South Korea's security dilemma, "Will Washington risk Seattle to defend Seoul?" is similar to Japan's dilemma, "Will Washington risk Tacoma to defend Tokyo?" South Korea's apprehension toward U.S-China geopolitical rivalry and the escalation of the Russia-Ukraine War are security concerns also shared by European states. Subsequently, South Korea's pursuit of partnership with other U.S. allies to enhance "collective bargaining" with the "hub" could help mitigate the security risks challenging the ROK-U.S. bilateral alliance.
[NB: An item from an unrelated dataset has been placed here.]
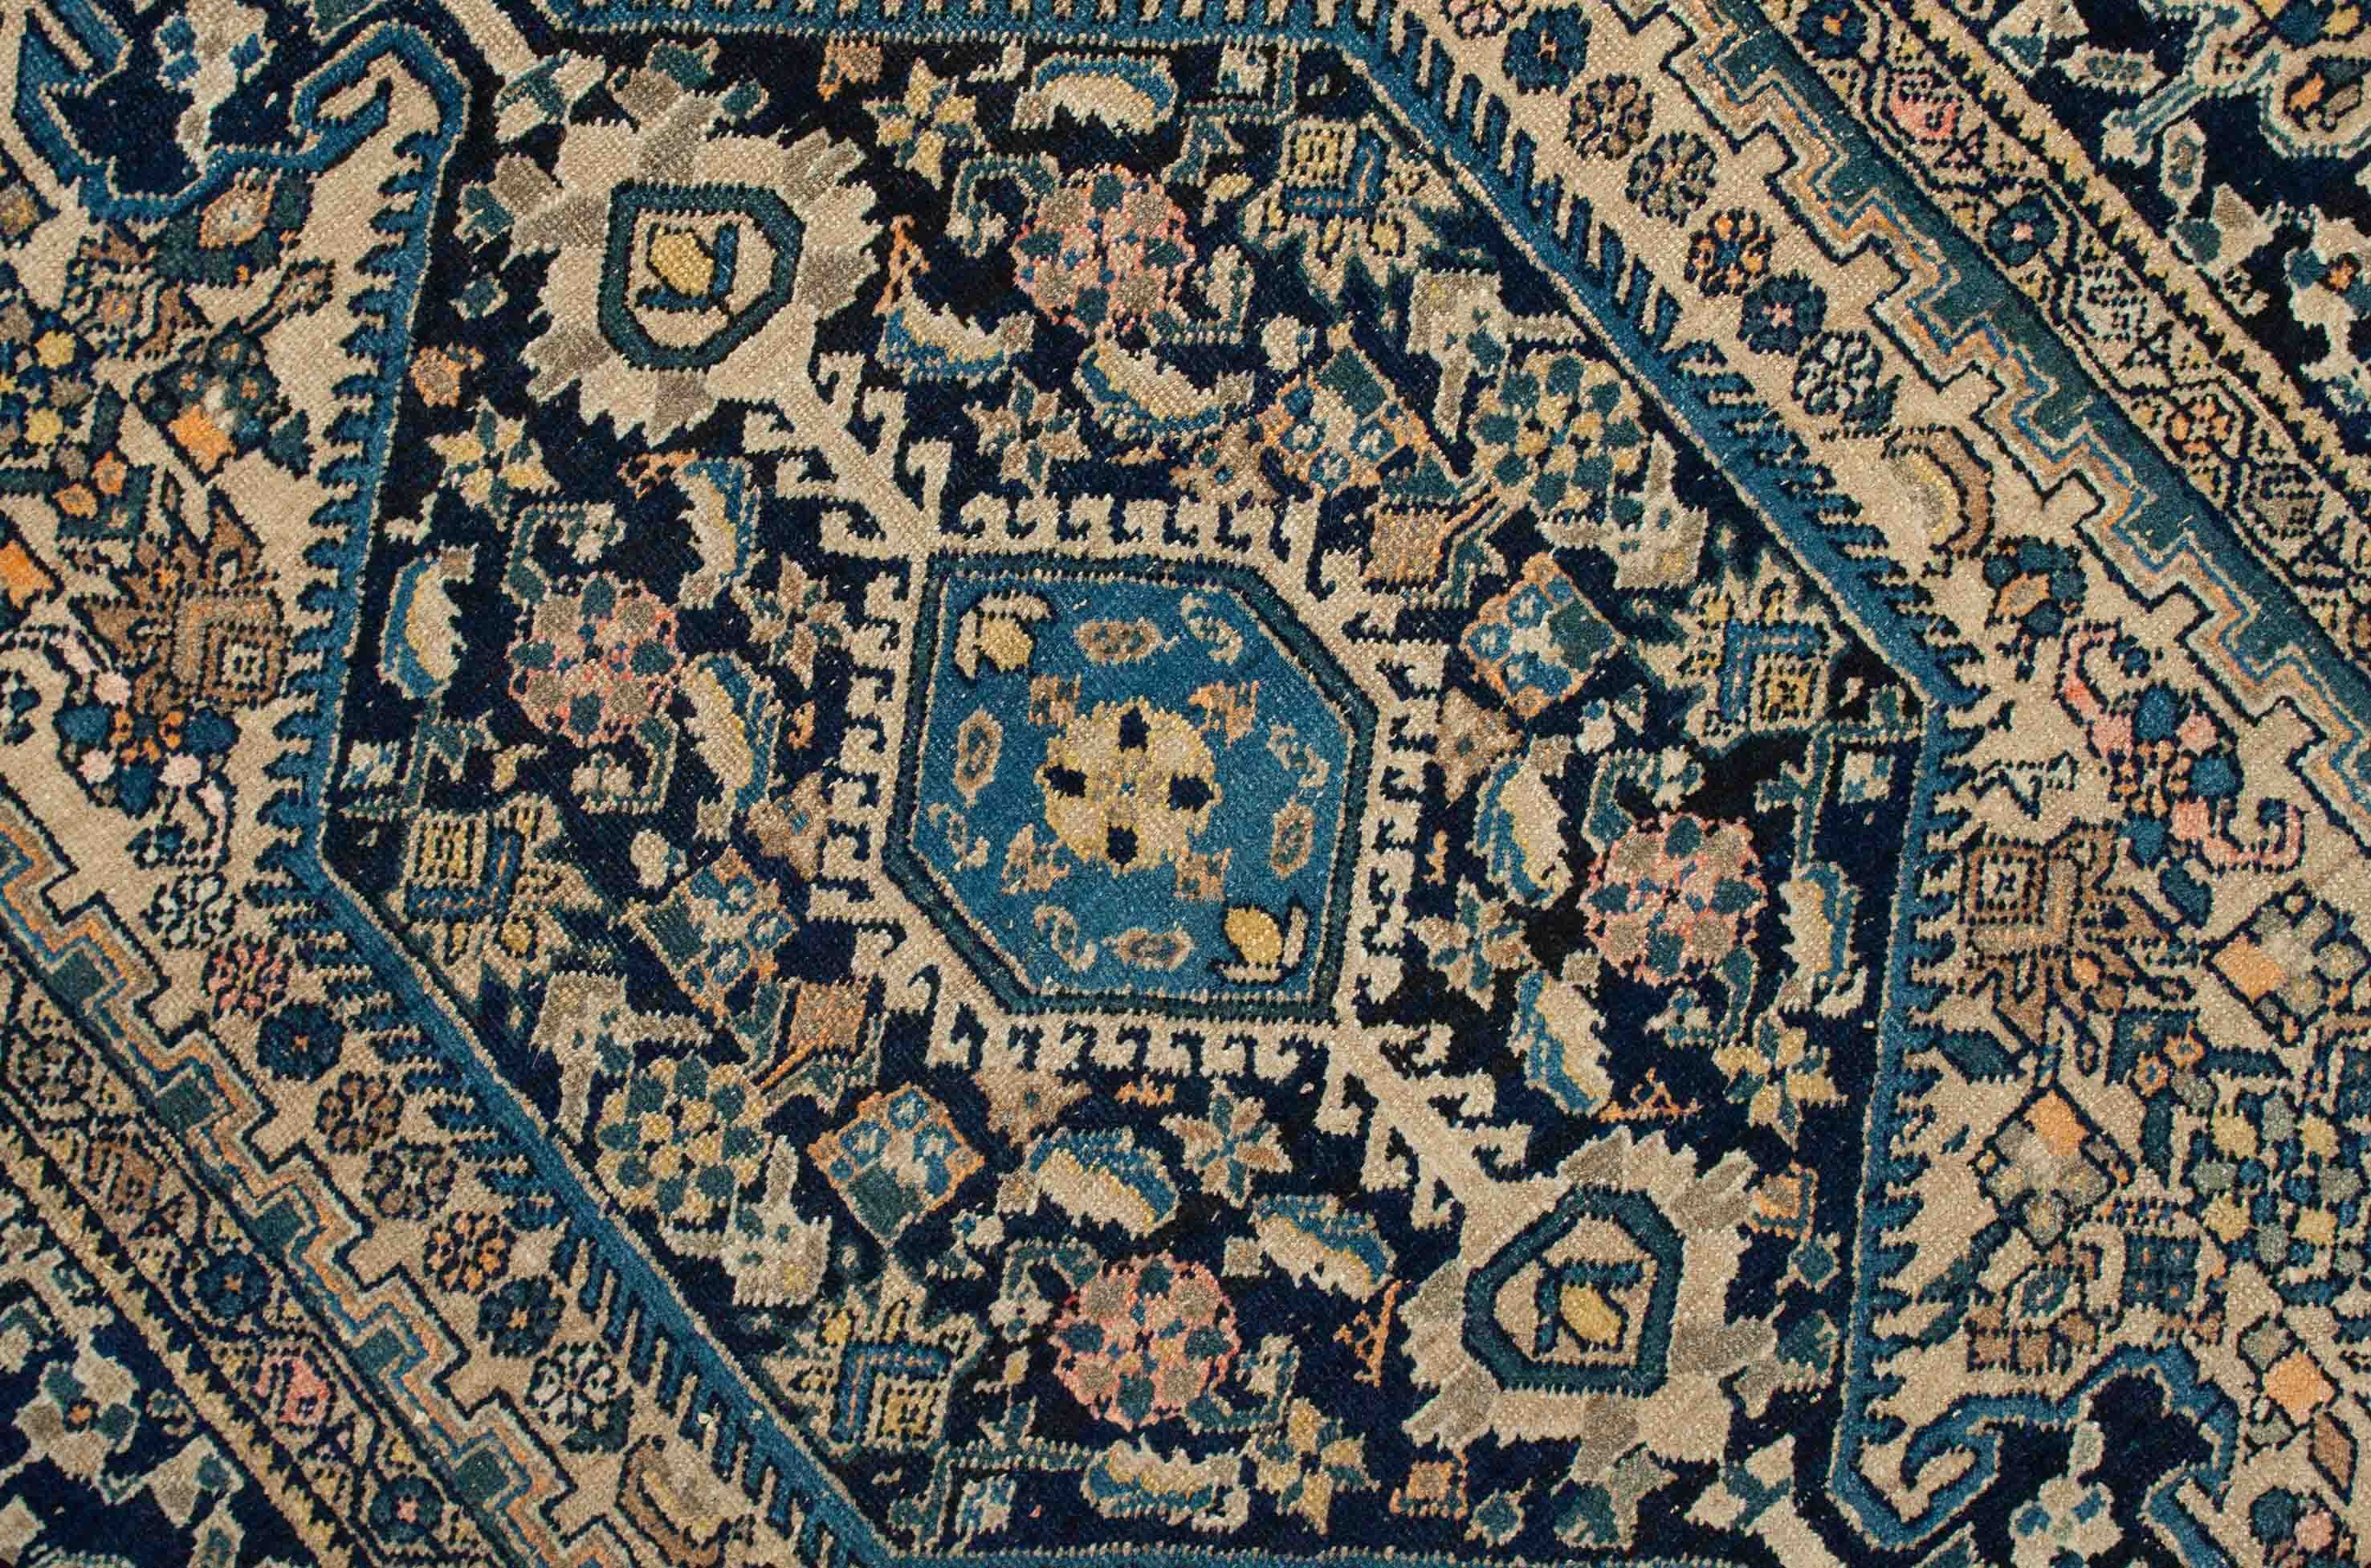 Eine Fotoaufnahme eines Bidgene Teppichs.

What deters the U.S. from abandoning South Korea? The biggest deterrence is the mutual defense treaty. However, deterrence will be strengthened further if other U.S. allies advocate for South Korea's security. At NATO Summit, President Yoon declared, "Security in the Atlantic and the Pacific Ocean can never be separated," in an appeal for NATO's support for security deterrence against North Korea's provocations. In the past, South Korea had little strategic value to Europe. Today, by expanding arms export to Europe and committing to Ukraine's post-war reconstruction, the South Korean government has been demonstrating its strategic value to NATO member states.
Concerning Korea-Japan relations, I recall an observation made by one U.S. policy expert. "If Korea proposes a policy, the U.S. might listen. If Japan proposes a policy, the U.S. might listen. But when Korea and Japan propose a policy together, the U.S. will definitely listen." Even if the trilateral alliance is still premature, South Korea's security interest lies in ensuring that the ROK-U.S. and Japan-U.S. alliances do not undercut each other's effectiveness but rather perform complementary roles to ensure the "entire wheel" of the U.S. regional alliance rolls smoothly.
Seventy years ago, the ROK-U.S. alliance was likely the only realistic guarantee for South Korea's security. Today, the bilateral alliance is still the best security guarantee for South Korea. While celebrating the 70th anniversary of the alliance, South Korea should reinforce the "hub & spoke" security pact through collaboration with other "spokes" in the U.S. alliance. In the past, such a proposal might have been unrealistic for war-torn South Korea. Today's South Korea, however, has a greater capacity to combine the bilateral and multilateral components of its security framework to ensure that the ROK-U.S. alliance continues to "go together" favorably toward South Korea's security interest.
Lee Jong-eun, Ph.D., is assistant professor of political science at North Greenville University.